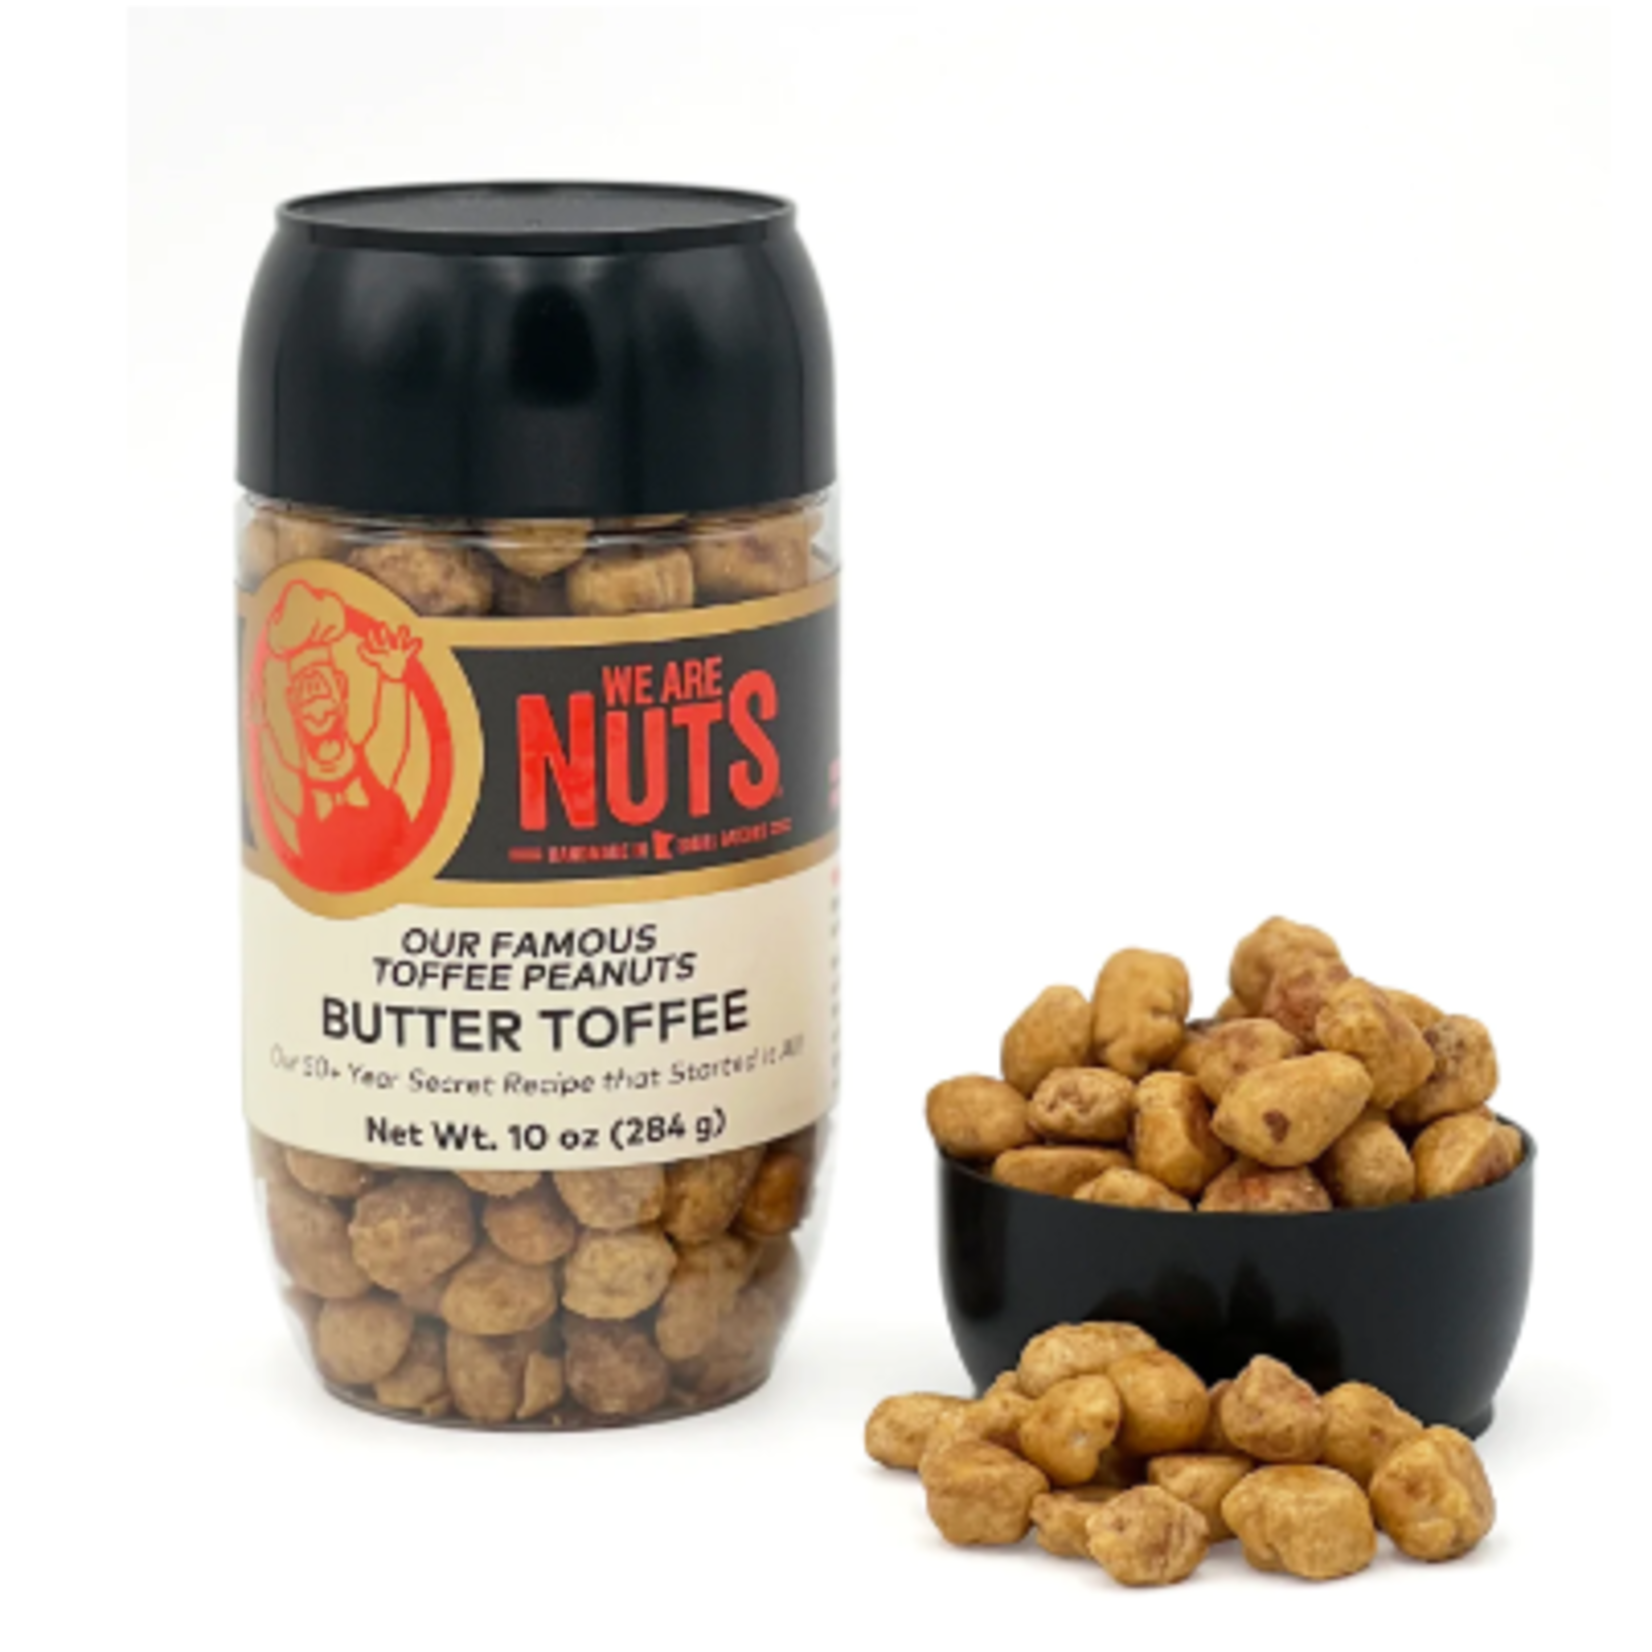 We Are Nuts We Are Nuts - Original Toffee Peanuts, 10 Oz
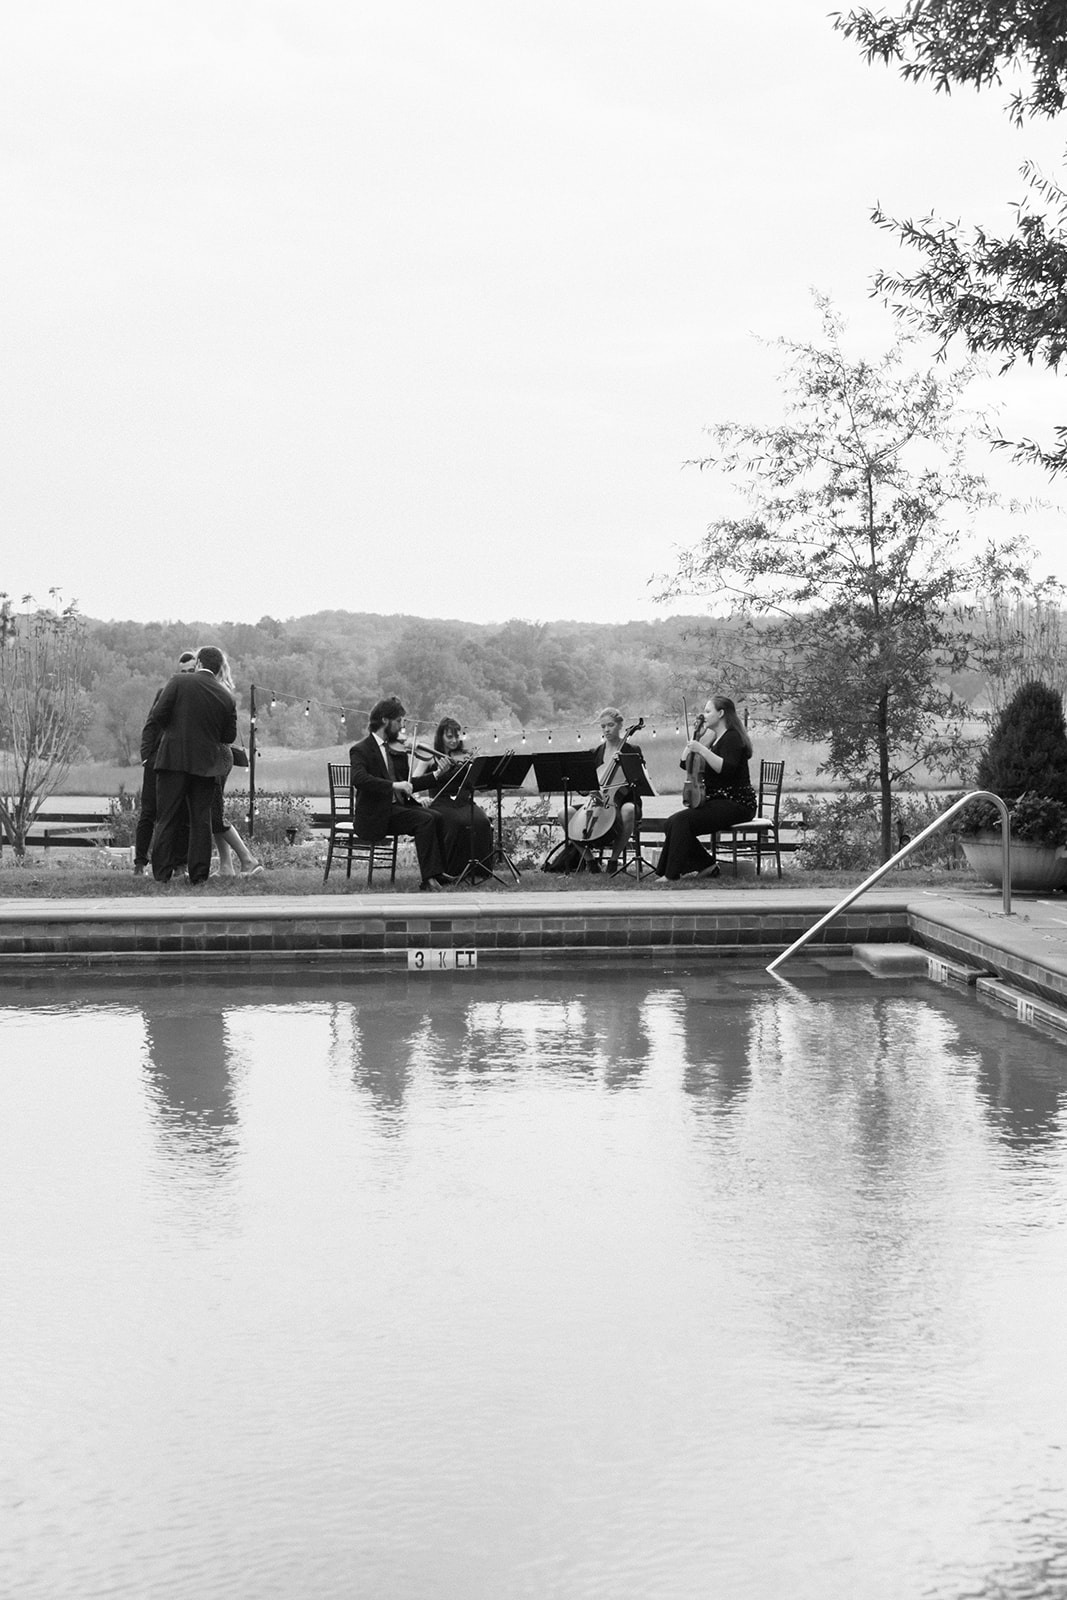 String quartet playing music at Goodstone cocktail hour
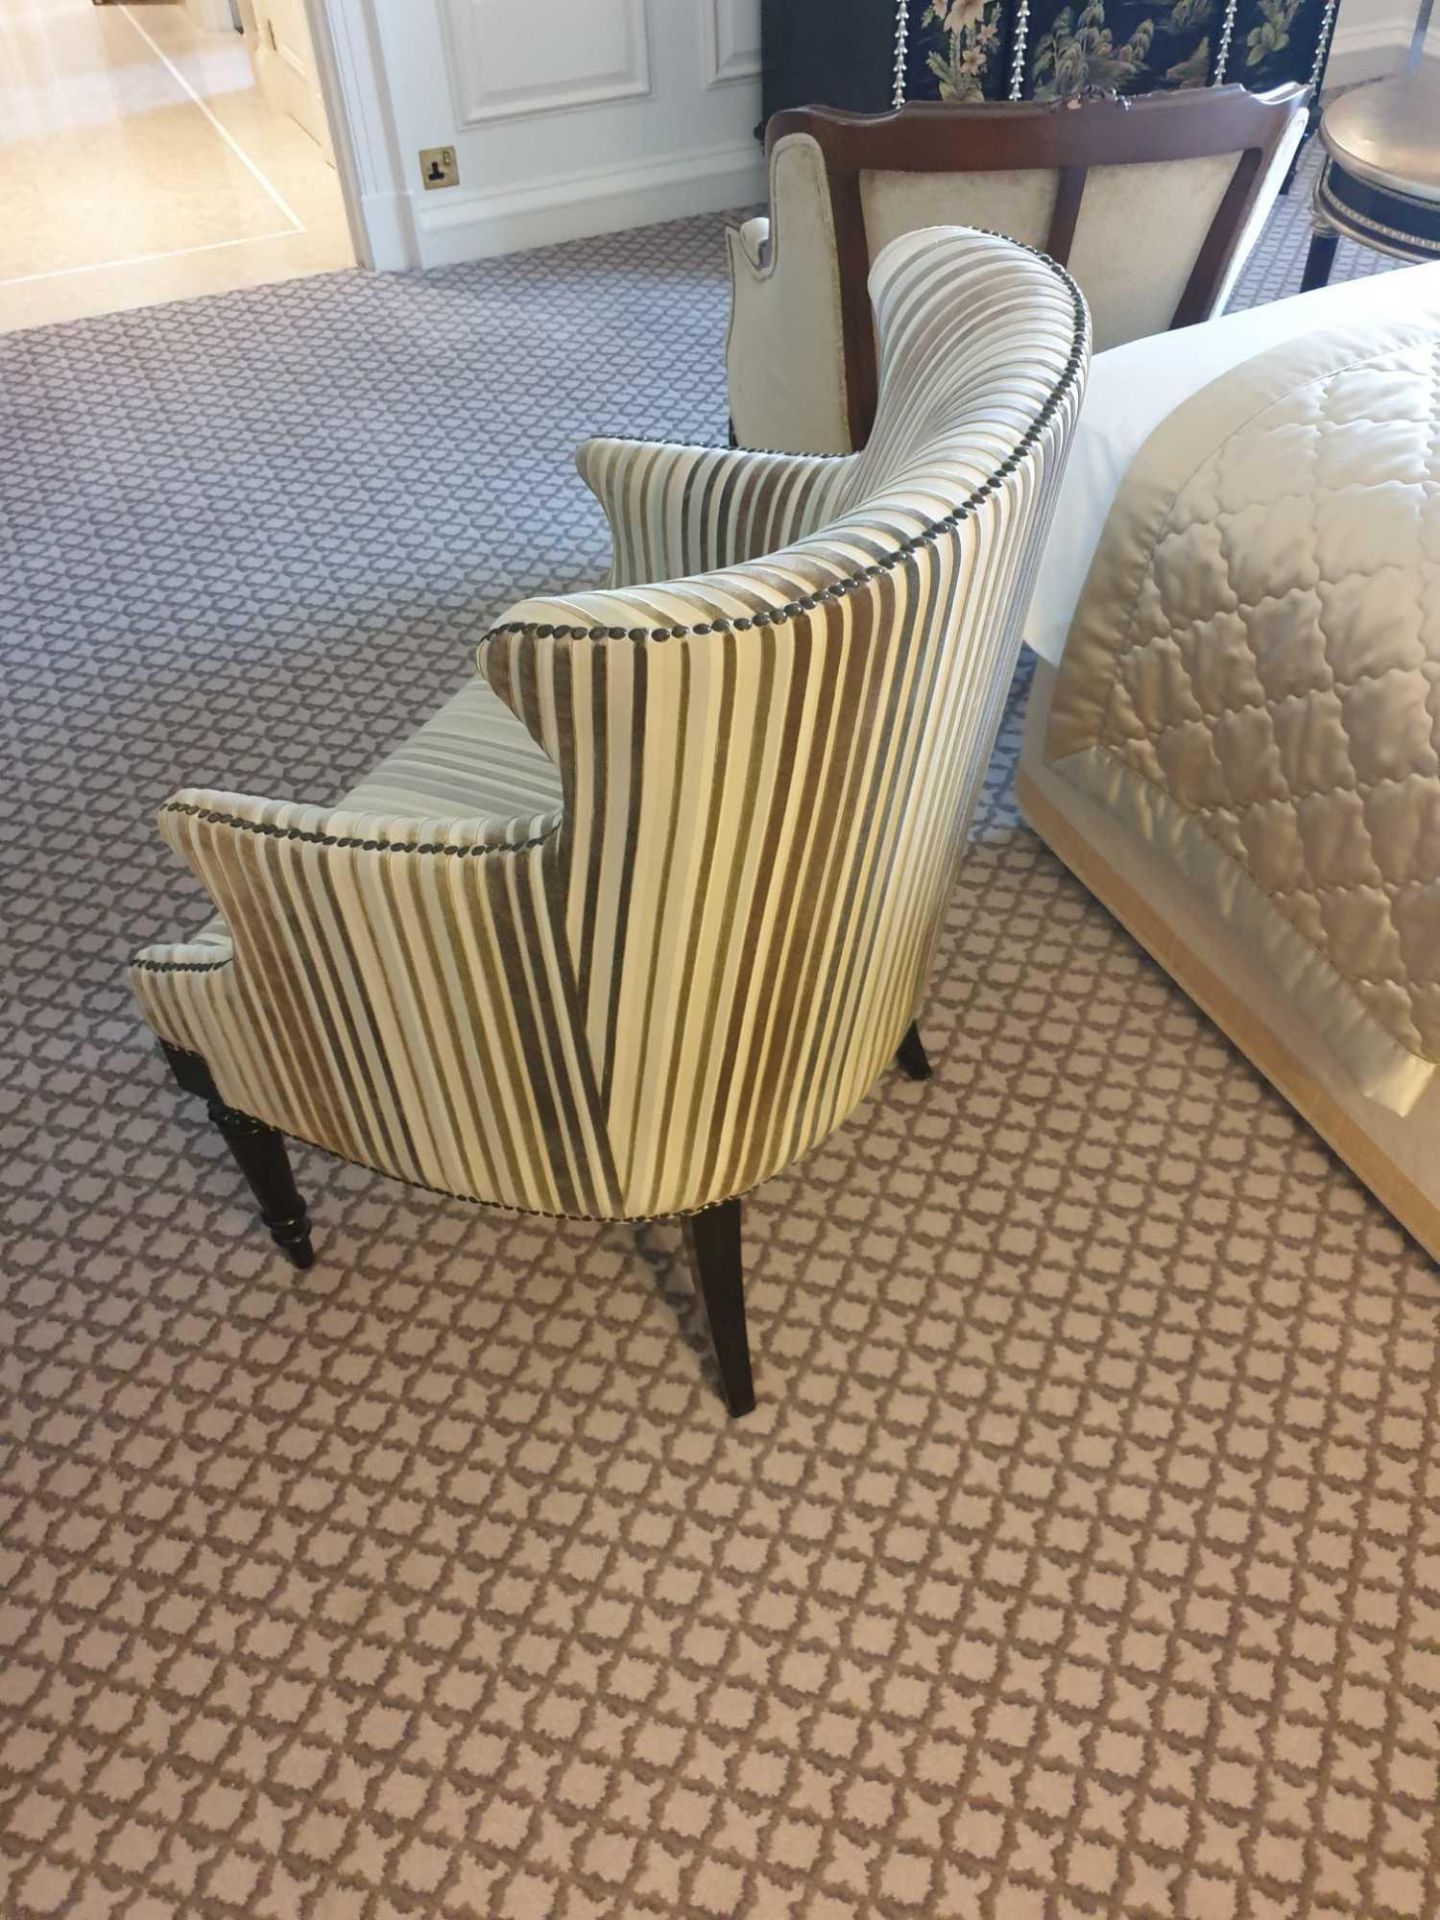 Accent Chair In Upholstered Striped Fabric 65 x 49 x 84cm (Room 702 & 703) - Image 2 of 3

**Exercise description**
Give back the full data exactly as it reads, but drop the pictures.

**Written response**
 We Are Nuts We Are Nuts - Original Toffee Peanuts, 10 Oz
 String quartet playing music at Goodstone cocktail hour
 Accent Chair In Upholstered Striped Fabric 65 x 49 x 84cm (Room 702 & 703) - Image 2 of 3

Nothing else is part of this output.